= Association for Safe International Road Travel =

The Association for Safe International Road Travel (usually abbreviated as ASIRT) is a non-profit, humanitarian organization that promotes road travel safety through education and advocacy. Rochelle Sobel, president and founder of ASIRT, created the organization in 1995, in response to her son Aron's death in a bus crash in Turkey. ASIRT helped found the US Congressional Caucus on Global Road Safety, and is an internationally influential and active organization. Working under the premise that road crashes are predictable and preventable, ASIRT serves the global community in a variety of ways to help reduce injuries and deaths and the associated social and economic impacts that result from them.

ASIRT serves as a resource to governments, corporations, travel organizations, guidebooks, study abroad programs, health/travel clinics and non-governmental organizations. ASIRT also helps to foster the development of new road safety organizations in other countries.

== Mission ==
The Association for Safe International Road Travel (ASIRT) is a non-profit organization that promotes global road safety through public education, policy advocacy, and the development of local road safety initiatives and partnerships.

== Organization ==

ASIRT's headquarters are in Potomac, Maryland; however, ASIRT works nationally, in the U.S., and globally through the United Nations Road Safety Collaboration (UNRSC), the Global Alliance of NGOs for Road Safety, and many other organizations.

=== Political achievements and goals ===

Working with Members of U.S. Congress: Alongside the Congressional Caucus on Global Road Safety, ASIRT works to increase awareness of U.S. legislators about the crisis in global road safety. This bi-partisan caucus has spearheaded the passing of many resolutions, including H. Con. Res. 87. This resolution solidified the United States' support for the United Nations' resolution for a World Remembrance Day for Road Crash Victims and their Families.

Working with Members of the U.S. State Department: ASIRT encourages State Department efforts on road safety by:
- Providing information to American travelers on the risks of road travel abroad through expanded road safety sections of Consular Information Sheets, and Embassy and State Department websites
- Collecting and disseminating road fatality statistics of U.S. citizens abroad by country and making information available on the U.S. State Department website.
- Facilitating the creation of partnerships between ASIRT and local organizations throughout the world, especially countries where the needs appear the greatest.

Working with the international community: ASIRT is a leader in the global road safety community, informing and cooperating with the World Health Organization (WHO), the U.N. and the World Bank.
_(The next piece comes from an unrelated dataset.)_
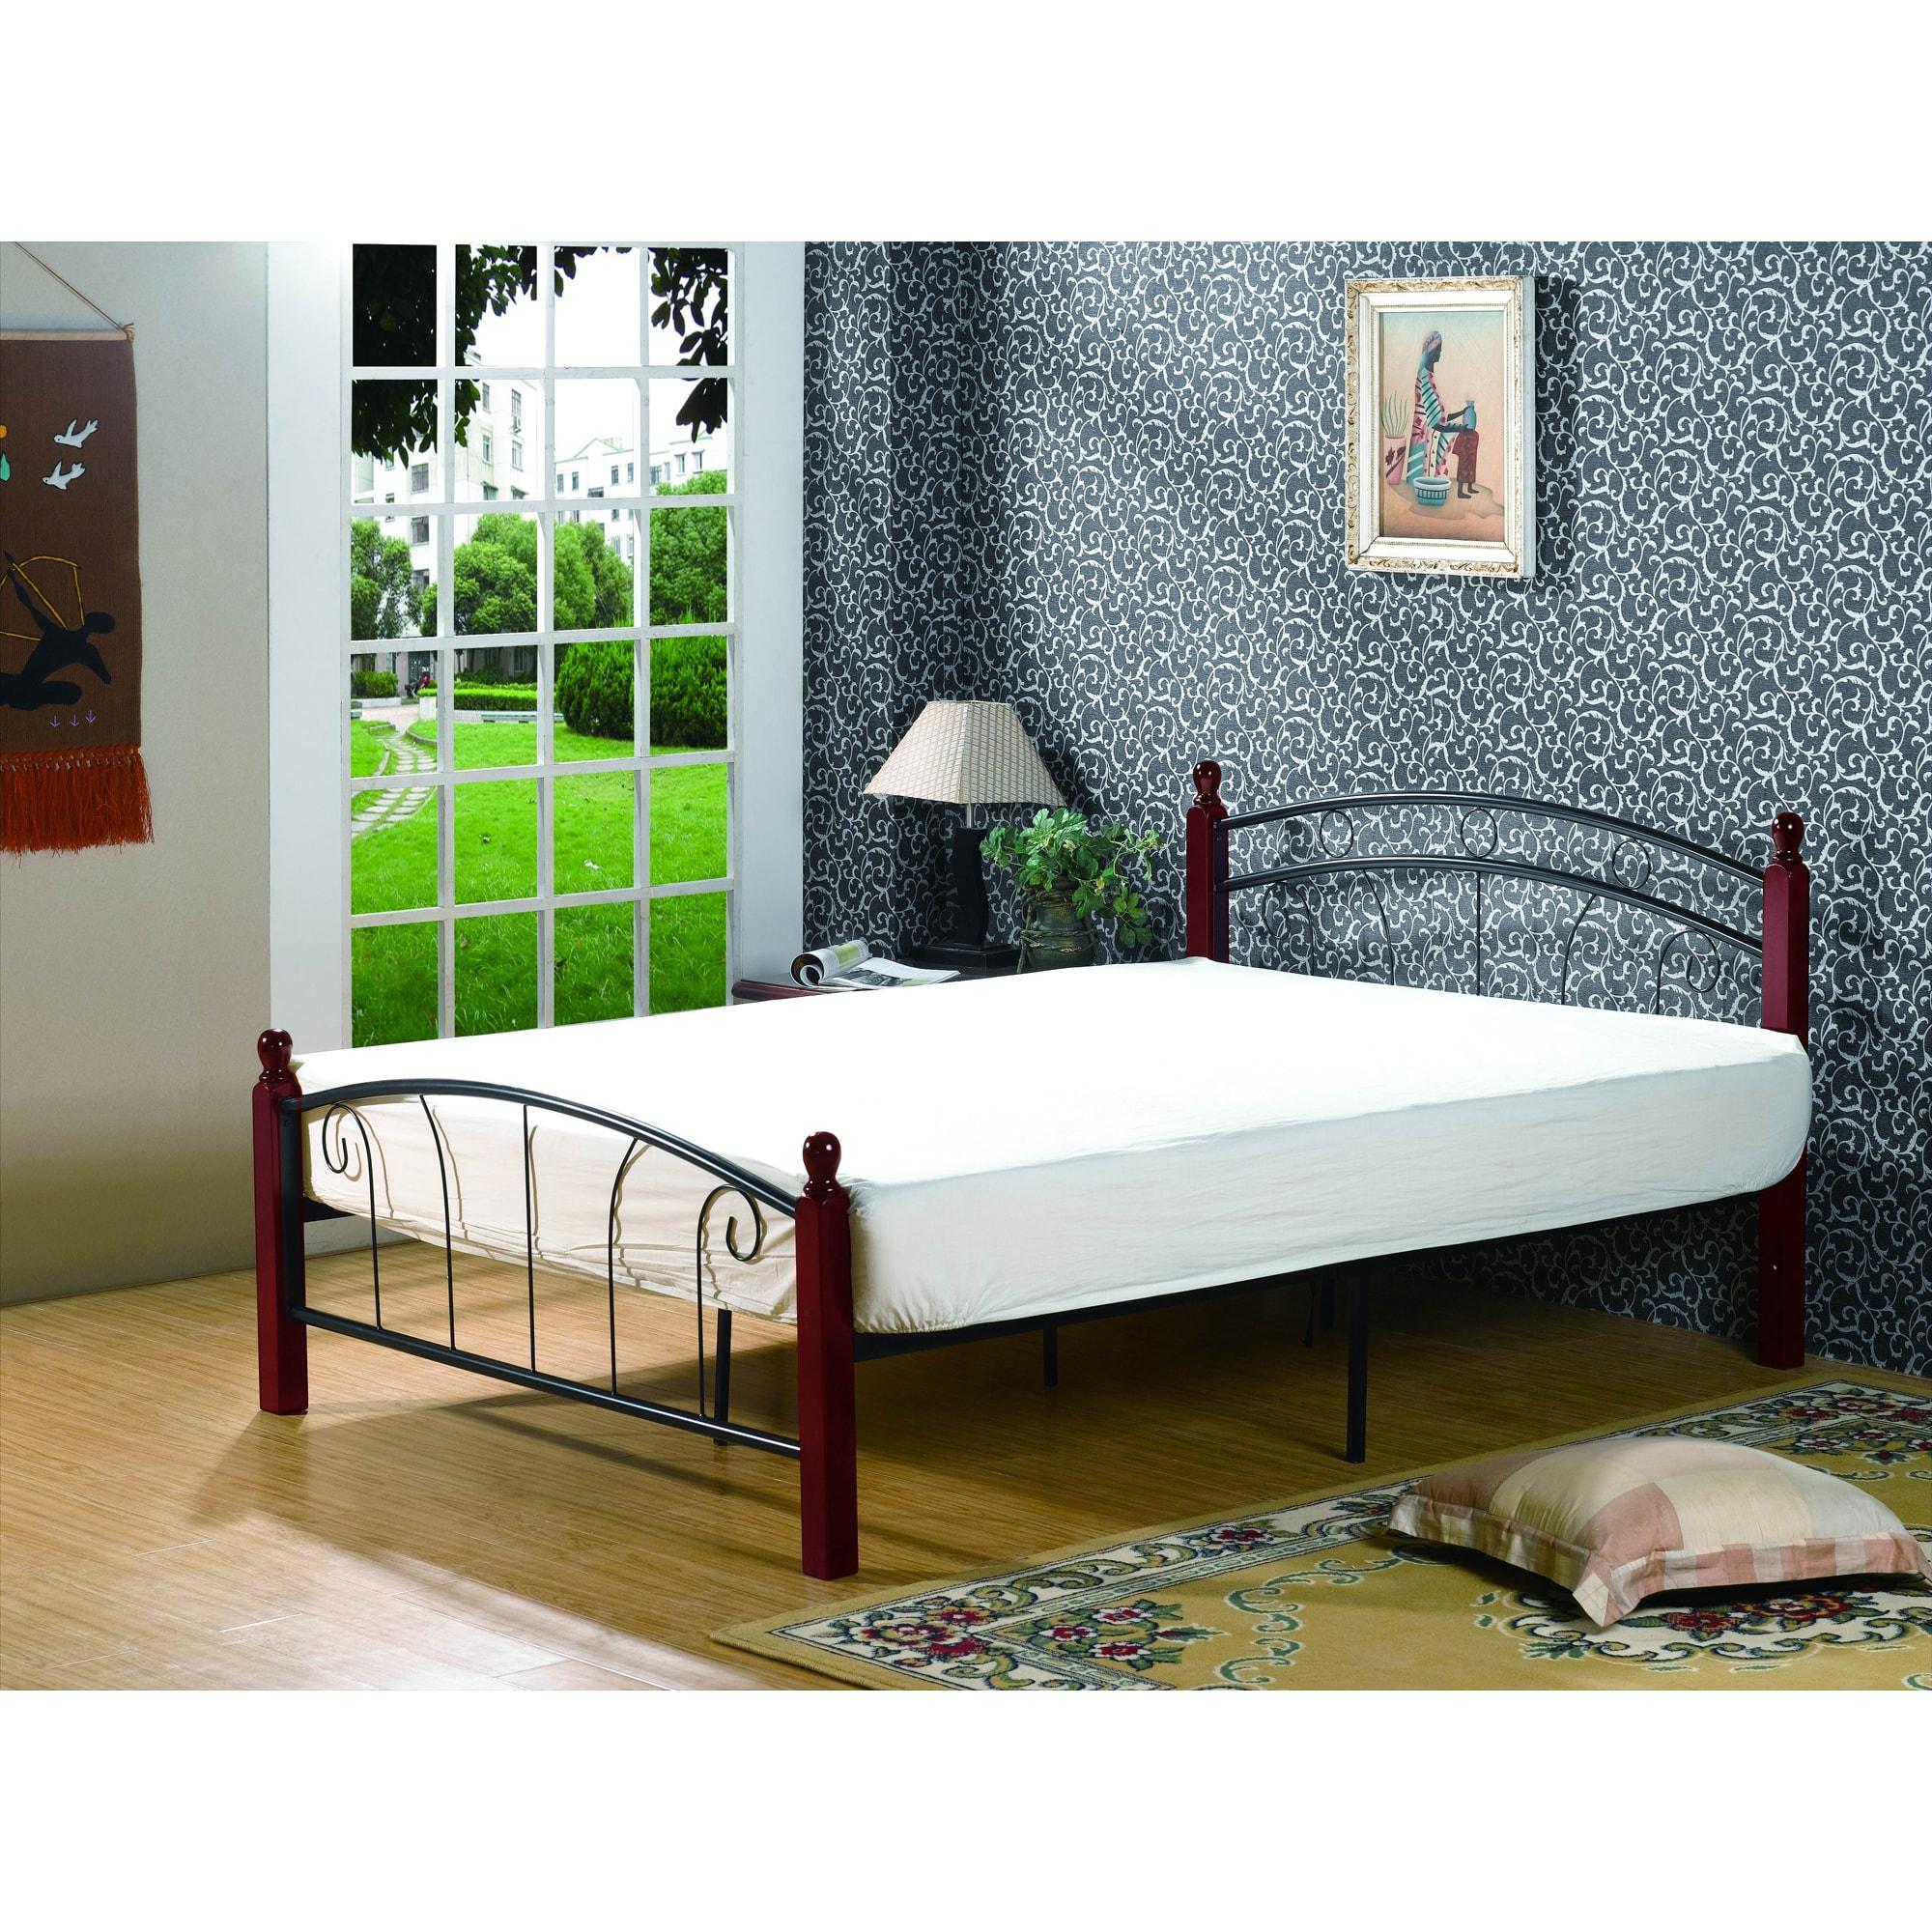 buy popular 55da6 7f668 Full-size Youth Bed

- ASIRT-Kenya: ASIRT's first global chapter works to reduce fatalities and injuries among passengers of Matatus (local privately owned transportation vehicles) by offering driver training, emergency medical training for health professionals and child safety seat distribution. ASIRT-Kenya currently works to reduce speed around school zones thereby protecting the lives of children going to and from school.

=== Citizens traveling abroad ===

ASIRT provides road safety information to tourists, students and corporate travelers.
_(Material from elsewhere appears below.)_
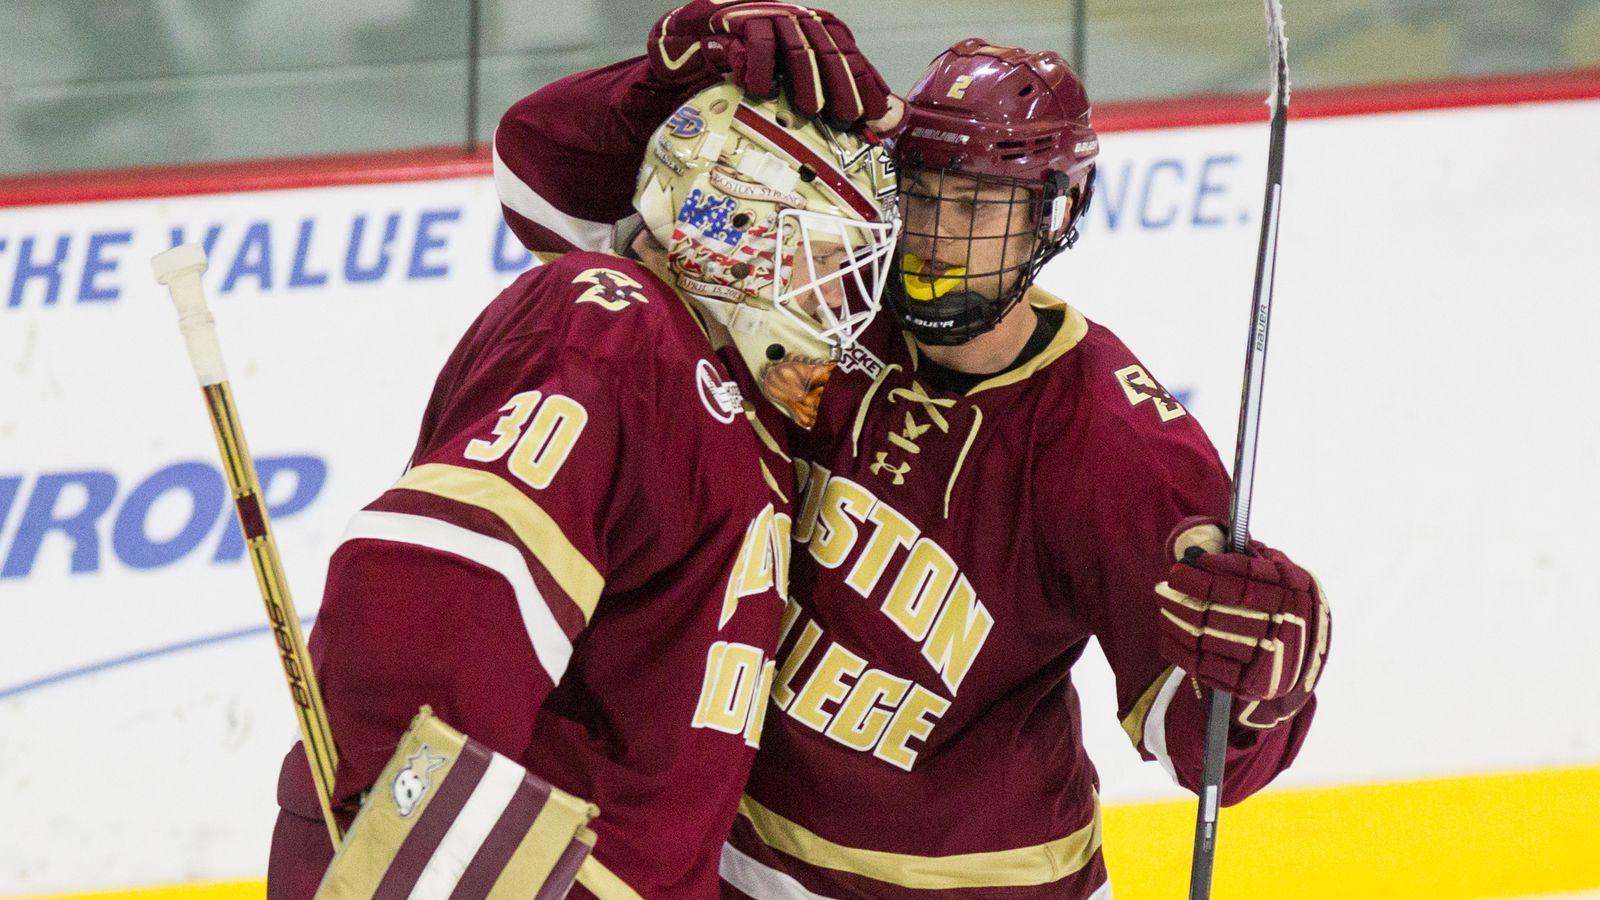 Boston-college-vs-army-mens-hockey-10-9-15-00x2.0.0

- Road Safety Reviews (RSRs): ASIRT's user-friendly reports on over 100 countries describing general road conditions; frequent road crash sites; national road safety statistics; driver behaviors; driving regulation; urban, rural, night, and seasonal travel precautions; pedestrian, passenger and cycle safety tips; quality and availability of emergency medical care, emergency procedures and contact information.
- A Global Road Safety Toolbox for the Study Abroad Community: a manual that helps study-abroad professionals to plan safe itineraries and students to make safe, informed travel choices while studying abroad.
- Training Seminars and webinars: ASIRT provides workshops and webinars that incorporate road safety education training, as well as student pre-departure campus and on-site orientations. Modules are tailored to the specific needs of the participants.

== Publications and media ==

Faces Behind the Figures:

A compilation of interviews of road crash victims and their families to memorialize and inspire road safety choices that save lives.